A new study looks at how sleep EEGs in patients with Rett syndrome could aid in predicting disease features and severity.
Rett syndrome is a genetic condition affecting mostly girls; mutations in the MECP2 gene cause regression of language and motor skills starting at 12 to 18 months of age. Impacted children usually stabilise; however, it is difficult to predict how Rett syndrome will affect them in the future. It can lead to epilepsy, language, cognitive, and fine motor function problems.
The pilot study, led by Patrick Davis, MD, PhD, a resident in the Department of Neurology at Boston Children’s Hospital and April Levin MD, a faculty researcher and neurologist, suggests that overnight EEG studies can help clinicians with what to expect and inform care for Rett syndrome.
“There is a huge range of symptom severity in Rett syndrome,” said Davis. “For example, language development can range from relatively normal to being able to have simple conversations to having no words and no language comprehension. We currently have no reliable way to predict, much less modify, this developmental trajectory. A biomarker would be a step toward developing more refined interventions.”
Monitoring patients with Rett syndrome during the night
EEG studies have already been implemented for Rett syndrome but are typically carried out when the child is awake. The researchers wanted to discover if anything would happen to the EEG during sleep.
“Sleep is an active time when the brain processes new information and rewires to optimise its functioning,” commented Davis. “We reasoned that altered brain activity in sleep might contribute to neurodevelopmental problems in Rett syndrome. There’s a rich literature on sleep EEGs, but few studies have looked at Rett syndrome specifically.”
The study analysed overnight EEG data from 22 girls with Rett syndrome ordered by clinicians (most likely to evaluate seizures) and 25 age-matched, typically developing controls. The researchers tracked the different frequency waves that make up the EEG signal, each created by the collective firing of large groups of neurons.
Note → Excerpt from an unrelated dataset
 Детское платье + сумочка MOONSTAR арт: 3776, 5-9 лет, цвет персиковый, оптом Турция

The team focused on phase-amplitude coupling, a measure of how slow EEG oscillations, which are crucial for memory consolidation, relate to higher-frequency waves. This relationship has shown how well brain activity is integrated.
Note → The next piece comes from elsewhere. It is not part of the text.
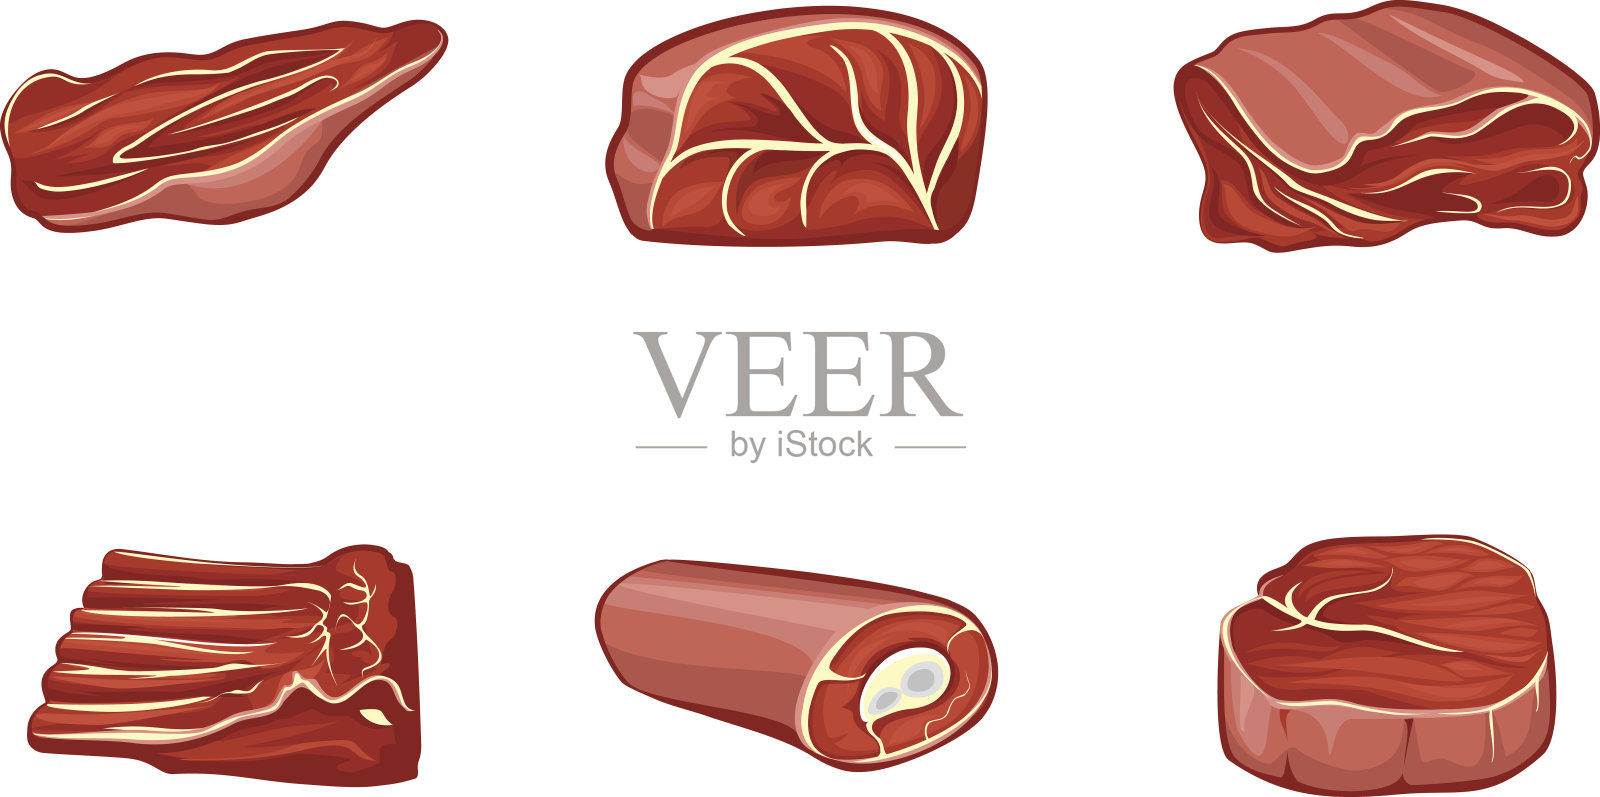 不同部位的红肉插画图片素材

This stage showcases how children with the syndrome and unaffected children develop differently.
Unaffected children exhibit the close coupling of slow and fast oscillations at the top of the brain, starting at around 12 to 18 months of age. However, children with Rett syndrome did not develop that feature and had different patterns of coupling of slow and fast oscillations in various brain locations.
“Just by looking at the sleep EEG, we could predict whether a patient had Rett syndrome or not with 90% accuracy,” said Davis. “We also found specific EEG patterns that may correspond to different subtypes of Rett syndrome or even help predict clinical severity.”
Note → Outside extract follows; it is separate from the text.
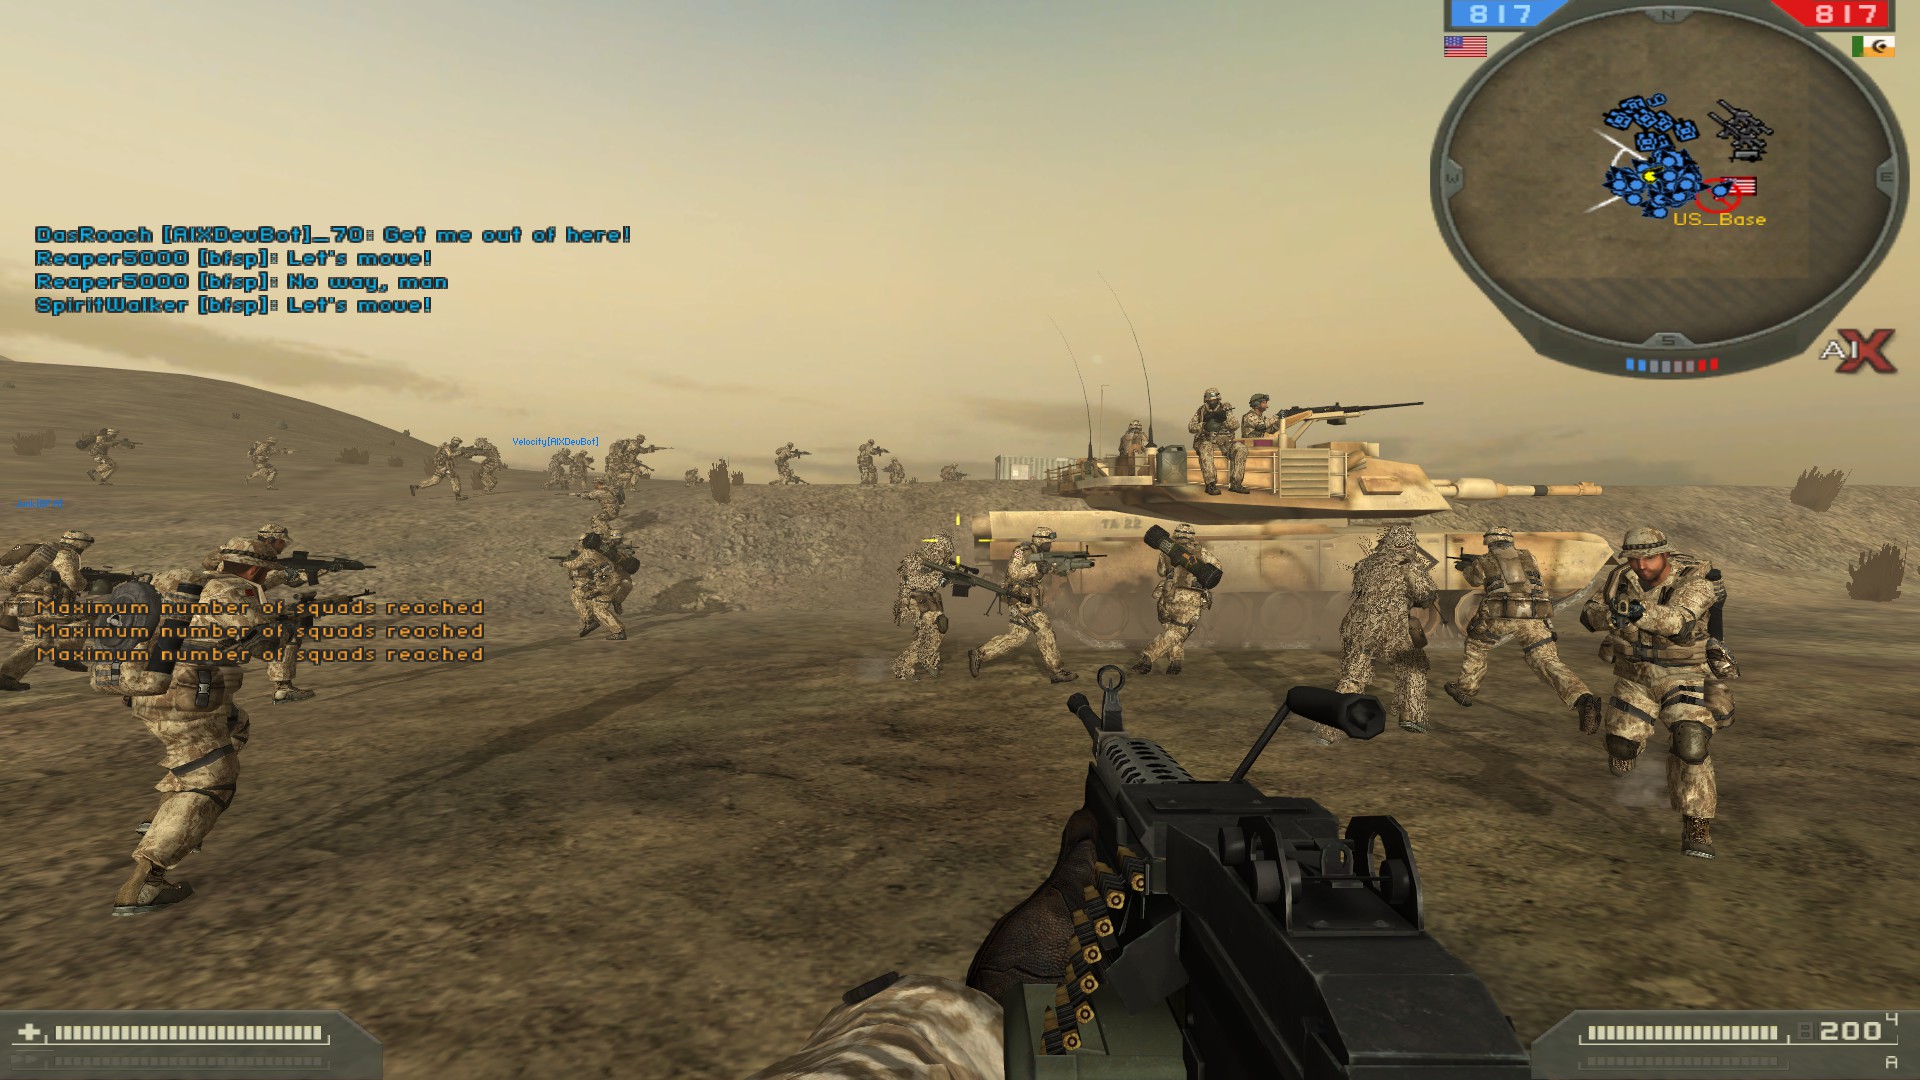 Battlefield 2 complete steam

Using EEGs for early-onset sleep disorders
Davis emphasises that this work is just a first pass in a small, select group of patients that need to be confirmed and expanded upon. The researcher noted that altered EEG patterns are not a proven cause of neurodevelopmental regression in Rett syndrome but could open new possibilities.
“If we can validate our findings in a larger cohort of girls with Rett, it would be interesting to see if doing non-invasive brain stimulation at night — with a cap worn during sleep — could improve some EEG biomarkers, and whether targeted brain stimulation would improve a child’s developmental trajectory,” he said. “That is one of our ultimate goals.”
Transcranial magnetic stimulation (TMS) is used in children with epilepsy and has proven to be safe. This therapy could offer an alternative to epilepsy or sleep medications, which can come with side effects or be utilised with other drugs. Further EEG studies in girls with Rett syndrome could point to particular brain circuits to target stimulation.
Davis and his research team are planning to look at overnight EEGs in children with the syndrome who don’t have epilepsy and in children with other early-onset disorders that involve altered sleep dynamics, such as epileptic encephalopathies, infantile spasms, trisomy 21, and autism spectrum disorder.
“The development of reliable biomarkers is a key step towards identifying the best anti-seizure medications and developing pharmacologic treatments for the cognitive and intellectual symptoms for these disorders,” Davis concluded. “We think overnight EEGs could be the foundation of meaningful translational work.”